OSDs do not fit under the single PodDisruptionBudget pattern. Ceph's ability to tolerate pod disruptions in one failure domain is dependent on the overall health of the cluster. Even if an upgrade agent were only to drain one node at a time, Ceph would have to wait until there were no undersized PGs before moving on the next.
The failure domain will be determined by the smallest failure domain of all the Ceph Pools in that cluster. We begin with creating a single PodDisruptionBudget for all the OSD with maxUnavailable=1. This will allow one OSD to go down anytime. Once the user drains a node and an OSD goes down, we determine the failure domain for the draining OSD (using the OSD deployment labels). Then we create blocking PodDisruptionBudgets (maxUnavailable=0) for all other failure domains and delete the main PodDisruptionBudget. This blocks OSDs from going down in multiple failure domains simultaneously.
Once the drained OSDs are back and all the pgs are active+clean, that is, the cluster is healed, the default PodDisruptionBudget (with maxUnavailable=1) is added back and the blocking ones are deleted. User can also add a timeout for the pgs to become healthy. If the timeout exceeds, the operator will ignore the pg health, add the main PodDisruptionBudget and delete the blocking ones.
Detecting drains is not easy as they are a client side operation. The client cordons the node and continuously attempts to evict all pods from the node until it succeeds. Whenever an OSD goes into pending state, that is, ReadyReplicas
count is 0, we assume that some drain operation is happening.
Example scenario:
An example of an operator that will attempt to do rolling upgrades of nodes is the Machine Config Operator in openshift. Based on what I have seen in SIG cluster lifecycle, kubernetes deployments based on cluster-api approach will be a common way of deploying kubernetes. This will also work to mitigate manual drains from accidentally disrupting storage.
When an node is drained, we will also delay it's DOWN/OUT process by placing a noout on that node. We will remove that noout after a timeout.
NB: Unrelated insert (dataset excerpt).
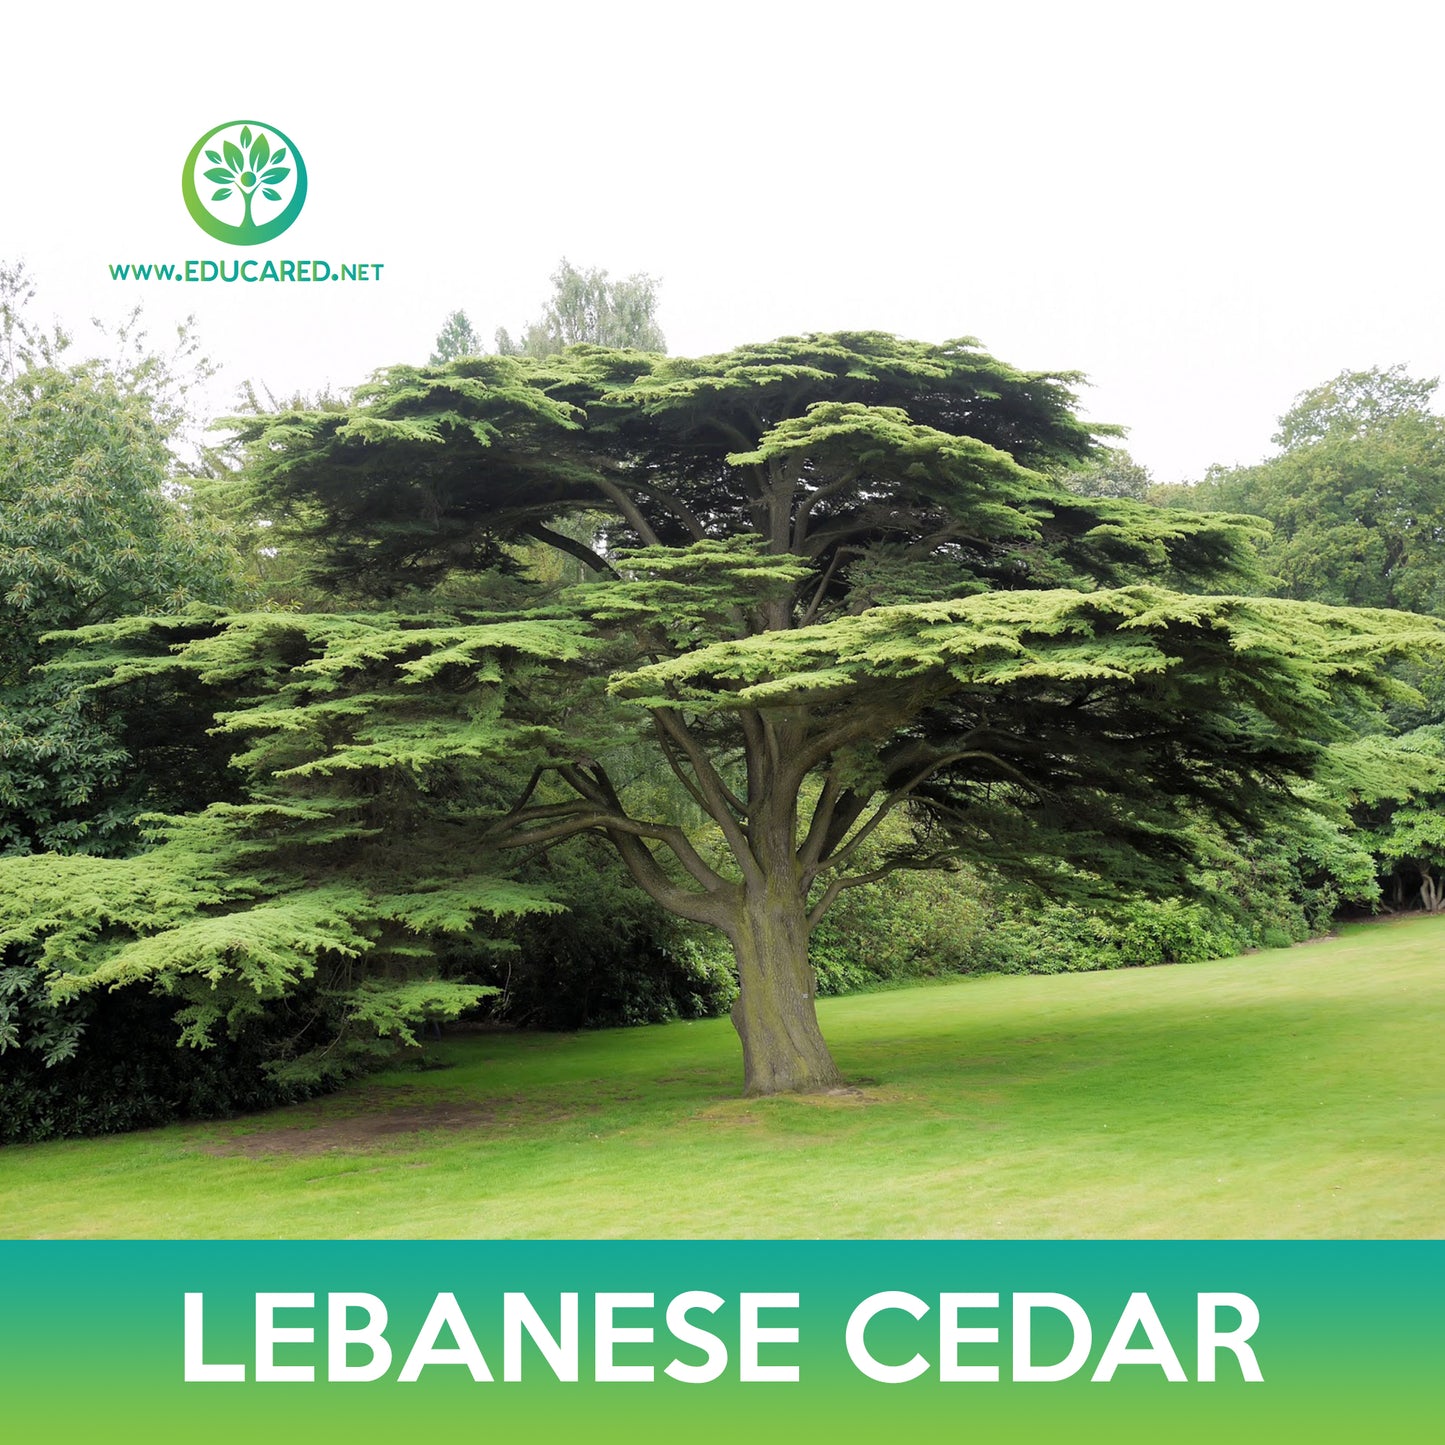 Lebanese Cedar Tree Seeds, Cedrus libani

An OSD can be down due to reasons other than node drain, say, disk failure. In such a situation, if the pgs are unhealthy then rook will create a blocking PodDisruptionBudget on other failure domains to prevent further node drains on them. noout
flag won't be set on node this is case. If the OSD is down but all the pgs are active+clean
, the cluster will be treated as fully healthy. The default PodDisruptionBudget (with maxUnavailable=1) will be added back and the blocking ones will be deleted.
Since there is no strict failure domain requirement for each of these, and they are not logically grouped, a static PDB will suffice.
A single PodDisruptionBudget is created and owned by the respective controllers, and updated only according to changes in the CRDs that change the amount of pods.
Eg: For a 3 Mon configuration, we can have PDB with the same labelSelector as the Deployment and have maxUnavailable as 1. If the mon count is increased to 5, we can replace it with a PDB that has maxUnavailable set to 2.